In [None]:
import os
import re

import cv2
from tqdm import tqdm

# Frame Extracter

In [None]:
input_dir = r'E:\Dataset\Video'
output_dir = r'E:\Dataset\Frame'

In [None]:
video_files = [f for f in os.listdir(input_dir)]

for video_name in video_files:
    video_path = os.path.join(input_dir, video_name)
    vid = cv2.VideoCapture(video_path)
    
    if not vid.isOpened():
        print(f"failed to open {video_name}")
        continue
    
    current_frame = 0
    sign_name = os.path.splitext(video_name)[0]
    data_folder = os.path.join(output_dir, sign_name)

    if not os.path.exists(data_folder):
        os.makedirs(data_folder)

    while (True):

        success, frame = vid.read()
        if not success:
            break
        
        # rotated_frame = cv2.rotate(frame, cv2.ROTATE_90_CLOCKWISE)
        
        cv2.imshow("output", frame)
        cv2.imwrite(os.path.join(data_folder, f"frame_{current_frame}.png"),
                                frame)
        current_frame += 1

        if cv2.waitKey(1) & 0xFF == ord('q'):
            break

    vid.release()
    print(f"Completed:  {video_name} - {current_frame}")
    cv2.destroyAllWindows()

# Crop to 1:1

In [None]:
base_dir = r'DatasetTest/Original'

y1 = 420
y2 = 1500

In [None]:
for folder in os.listdir((base_dir)):
        input_dir = os.path.join(base_dir, folder)
        if not os.path.isdir(input_dir):
                continue
        
        output_dir = os.path.join(base_dir, folder + "_cropped")
        
        if not os.path.exists(output_dir):
                os.makedirs(output_dir)
        

        img_files = [f for f in os.listdir(input_dir) if f.lower().endswith(('.jpg', '.jpeg', '.png'))]

        for filename in tqdm(img_files, desc=f"Processing {folder}", unit="file"):
                
                img_path = os.path.join(input_dir, filename)
                img = cv2.imread(img_path)
                
                if img is None:
                    print(f"Error reading image: {img_path}")
                    continue

                cropped_img = img[y1:y2, :]

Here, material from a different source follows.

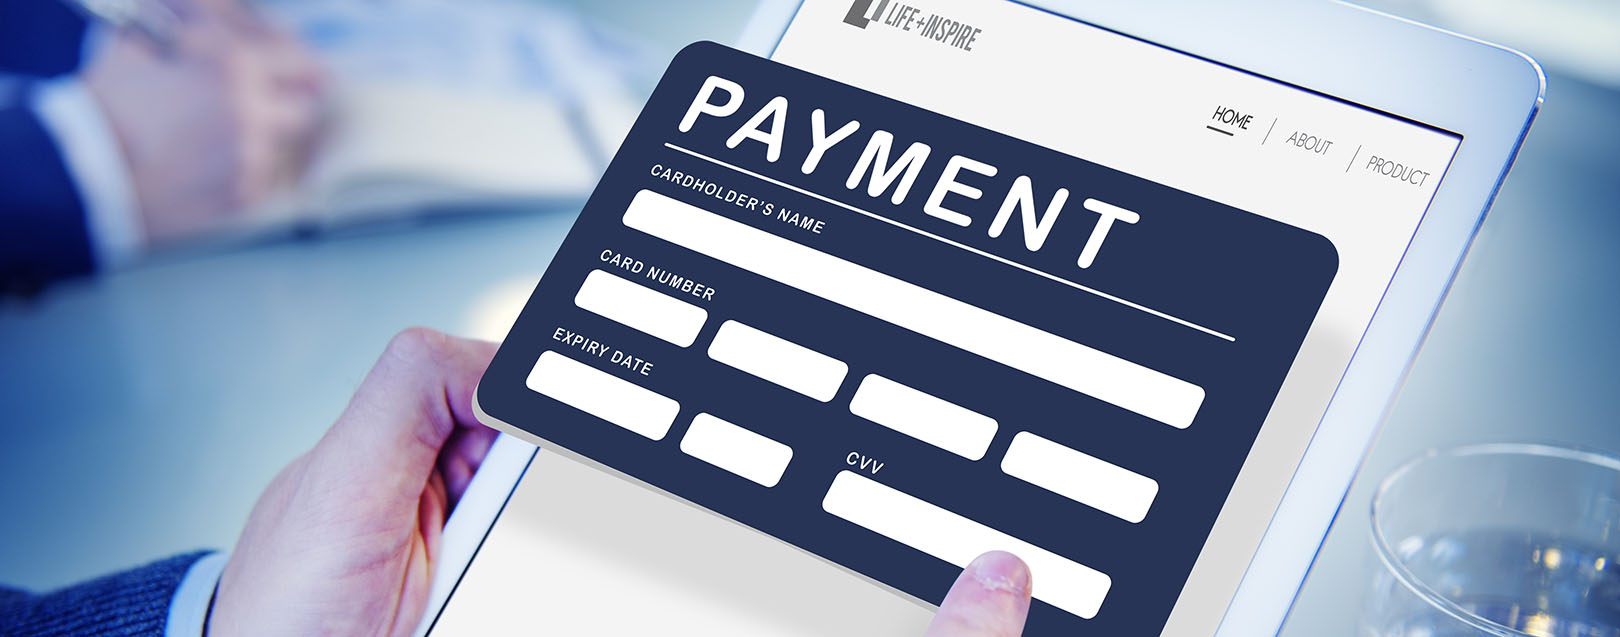 Govt depts must make payments above Rs.5k via e-Payment: Fin Min

                output_path = os.path.join(output_dir, filename)
                cv2.imwrite(output_path, cropped_img)

print("Done!")

### Plan F

In [None]:
crop_sizes_raw = [
    288,      #barred_area
    320,      #cross_walk
    384,      #go_straight
    384,      #no_passing_zone_beginning
    480,      #parking_zone
    384,      #priority_over
    512,      #steep_hill_downhill
    544,      #steep_hill_uphill
    512,      #stop
    448,      #tunnel_beginning
    416,      #turn_left
    416,      #turn_right
] 

crop_sizes_field = [
    128,      #barred_area
    128,      #cross_walk
    128,      #go_straight
    128,      #no_passing_zone_beginning
    128,      #parking_zone
    128,      #priority_over
    128,      #steep_hill_downhill
    128,      #steep_hill_uphill
    128,      #stop
    128,      #tunnel_beginning
    128,      #turn_left
    128,      #turn_right
]

In [None]:
SIZE = 288

center_selected = False
center_x, center_y = 0, 0
abort_task = False
WINDOW_SCALE = 0.5
move_step = 1
move_directions = {'w': (0, -1), 'a': (-1, 0), 's': (0, 1), 'd': (1, 0)}

def select_center(event, x, y, flags, param):
    global center_selected, center_x, center_y
    if event == cv2.EVENT_LBUTTONDOWN:
        center_x = int(x / WINDOW_SCALE)
        center_y = int(y / WINDOW_SCALE)
        center_selected = True

def calculate_crop_bounds(img, center, size=SIZE):
    h, w = img.shape[:2]
    half_size = size // 2
    
    y1 = max(0, center[1] - half_size)
    y2 = min(h, center[1] + half_size)
    x1 = max(0, center[0] - half_size)
    x2 = min(w, center[0] + half_size)

    if y2 - y1 < size:
        if y1 == 0: y2 = size
        else: y1 = h - size
    if x2 - x1 < size:
        if x1 == 0: x2 = size
        else: x1 = w - size
    
    return x1, y1, x2, y2

def crop_around_center(img, center, size=SIZE):
    x1, y1, x2, y2 = calculate_crop_bounds(img, center, size)
    return img[y1:y2, x1:x2], (x1, y1, x2, y2)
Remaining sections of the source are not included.